995,[Pb++].[O-]c1c(cc(c([O-])c1[N+]([O-])=O)[N+]([...,Lead styphnate
996,CC(C)(C)C(O)(CCc1ccc(Cl)cc1)Cn2cncn2,Tebuconazole
997,[Na+].[Na+].[Na+].[Na+].OCCN(CCO)c1nc(Nc2ccc(c...,OpticalBrightenerBbu220
998,CNC.OC(=O)COc1ccc(Cl)cc1Cl,"2,4-D dimethylamine salt"


Specify the endpoint and effect you wish to predict and make the prediction

In [5]:
PREDICTION_ENDPOINT = 'EC10'
PREDICTION_EFFECT = 'MOR'
EXPOSURE_DURATION = 96
SMILES_COLUMN_NAME = 'SMILES'

In [6]:
results = fishbait.predict_toxicity(SMILES = data[SMILES_COLUMN_NAME].iloc[0:10].tolist(), exposure_duration=EXPOSURE_DURATION, endpoint=PREDICTION_ENDPOINT, effect=PREDICTION_EFFECT, return_cls_embeddings=True)
results

Renamed NOEC *EC10* in 0 positions


  0%|          | 0/2 [00:00<?, ?it/s]You're using a RobertaTokenizerFast tokenizer. Please note that with a fast tokenizer, using the `__call__` method is faster than using a method to encode the text followed by a call to the `pad` method to get a padded encoding.
100%|██████████| 2/2 [00:00<00:00,  9.26it/s]

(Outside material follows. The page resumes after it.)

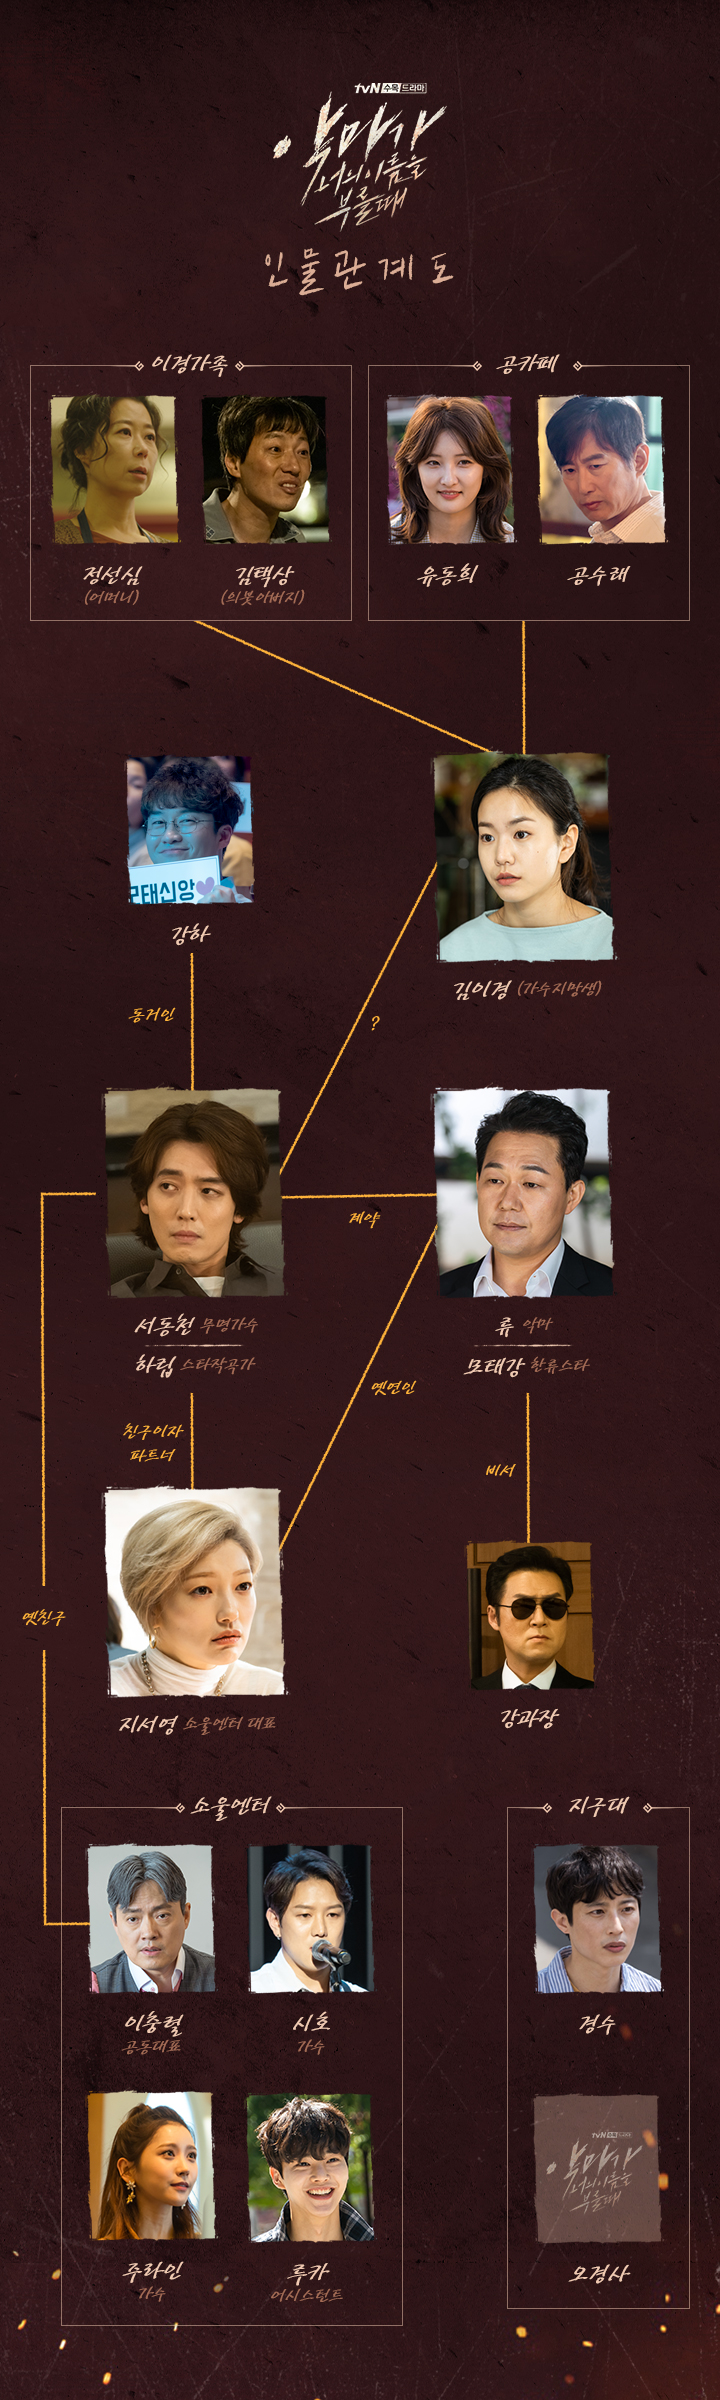 tvN드라마 '악마가 너의 이름을 부를 때(악마가(歌))' 인물관계도(출처: 공식홈페이지)
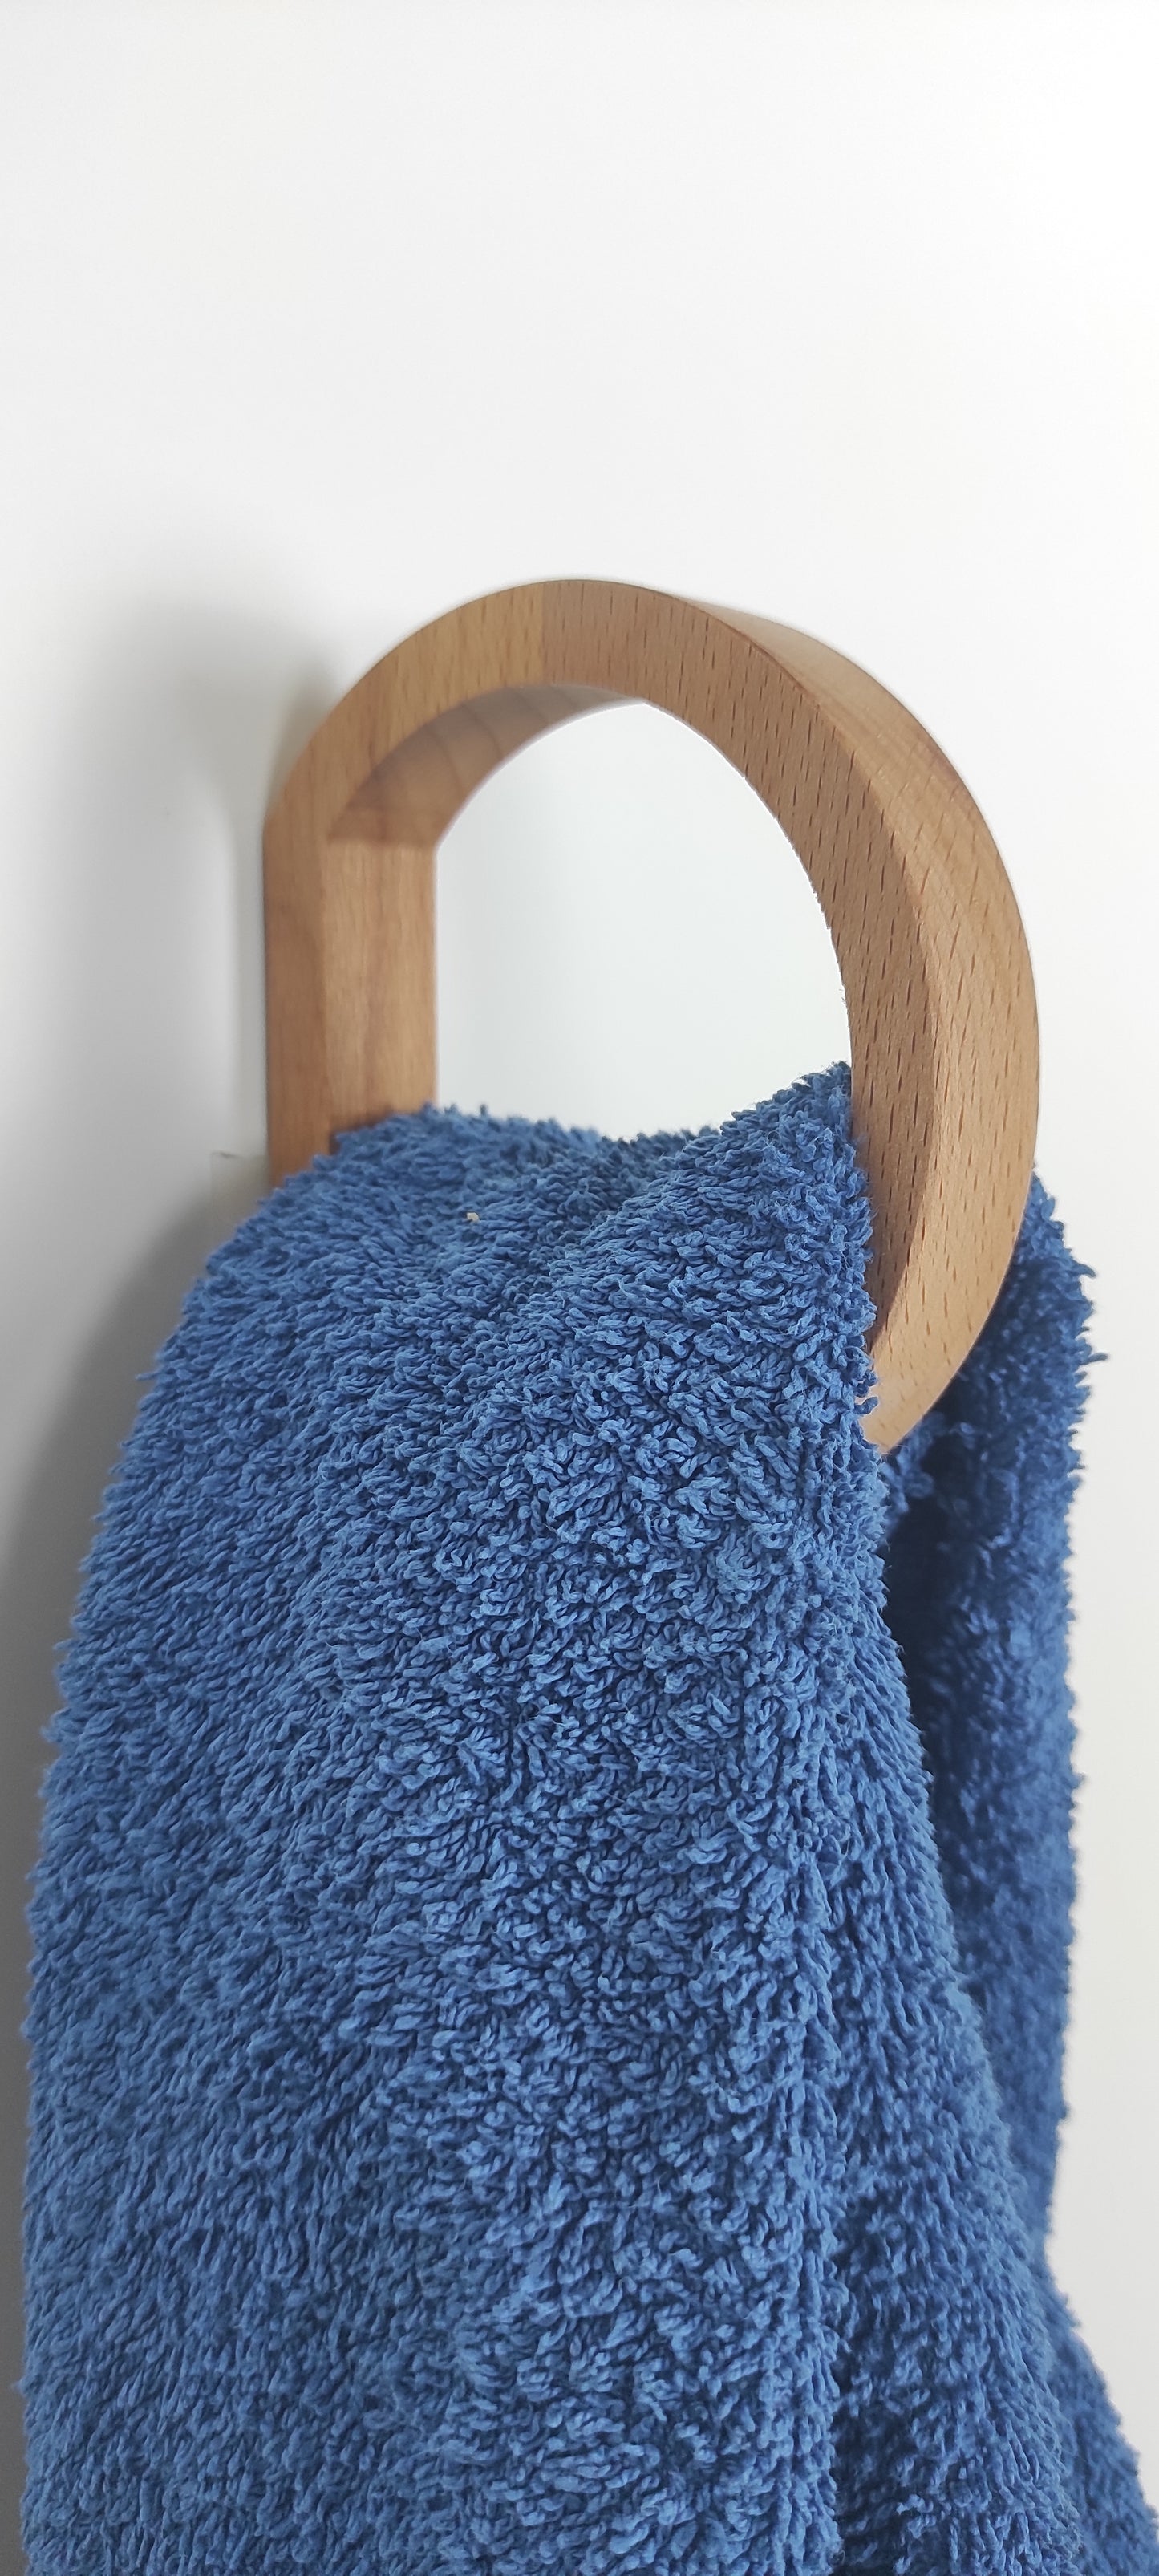 Handtuchring, Handtuchhalter aus Holz

Unnamed: 0,SMILES,exposure_duration,endpoint,effect,SMILES_Canonical_RDKit,predictions log10(mg/L),predictions (mg/L),CLS_embeddings
0,CC(=O)Oc1ccccc1C(O)=O,1.982271,EC10,MOR,CC(=O)Oc1ccccc1C(=O)O,1.588708,38.788929,"[0.9782297015190125, -0.9878295660018921, 0.33..."
1,[Cr],1.982271,EC10,MOR,[Cr],0.470526,2.954784,"[0.02584332972764969, -2.3276708126068115, 0.0..."
2,[H+].[Cl-].CNCCC(Oc1ccc(cc1)C(F)(F)F)c2ccccc2,1.982271,EC10,MOR,CNCCC(Oc1ccc(C(F)(F)F)cc1)c1ccccc1.[Cl-].[H+],-1.28614,0.051744,"[-0.3345903158187866, -1.1471542119979858, 0.7..."
3,Clc1ccc(cc1)C(c2ccc(Cl)cc2)C(Cl)(Cl)Cl,1.982271,EC10,MOR,Clc1ccc(C(c2ccc(Cl)cc2)C(Cl)(Cl)Cl)cc1,-2.561309,0.002746,"[-1.8162728548049927, -0.1933540254831314, 1.6..."
4,[Cu],1.982271,EC10,MOR,[Cu],-1.399814,0.039828,"[-2.431044578552246, -0.8788691759109497, -0.1..."
5,CCNc1nc(Cl)nc(NC(C)C)n1,1.982271,EC10,MOR,CCNc1nc(Cl)nc(NC(C)C)n1,-0.075029,0.841339,"[0.38325634598731995, -1.7486392259597778, -0...."
6,CN(C)C1=NC(=O)N(C2CCCCC2)C(=O)N1C,1.982271,EC10,MOR,CN(C)c1nc(=O)n(C2CCCCC2)c(=O)n1C,0.572498,3.736786,"[0.08783436566591263, -1.0063296556472778, -0...."
7,CC(Br)(CO)[N+]([O-])=O,1.982271,EC10,MOR,CC(Br)(CO)[N+](=O)[O-],1.217041,16.483162,"[0.16042600572109222, -1.1170353889465332, -0...."
8,c1ccc2c(c1)c3cccc4cccc2c34,1.982271,EC10,MOR,c1ccc2c(c1)-c1cccc3cccc-2c13,-1.436595,0.036594,"[-2.0834171772003174, -0.95207279920578, 0.297..."
9,[Cl-].[Cl-].[Zn++],1.982271,EC10,MOR,[Cl-].[Cl-].[Zn+2],-0.267941,0.539584,"[-1.3194429874420166, -1.9545468091964722, 0.2..."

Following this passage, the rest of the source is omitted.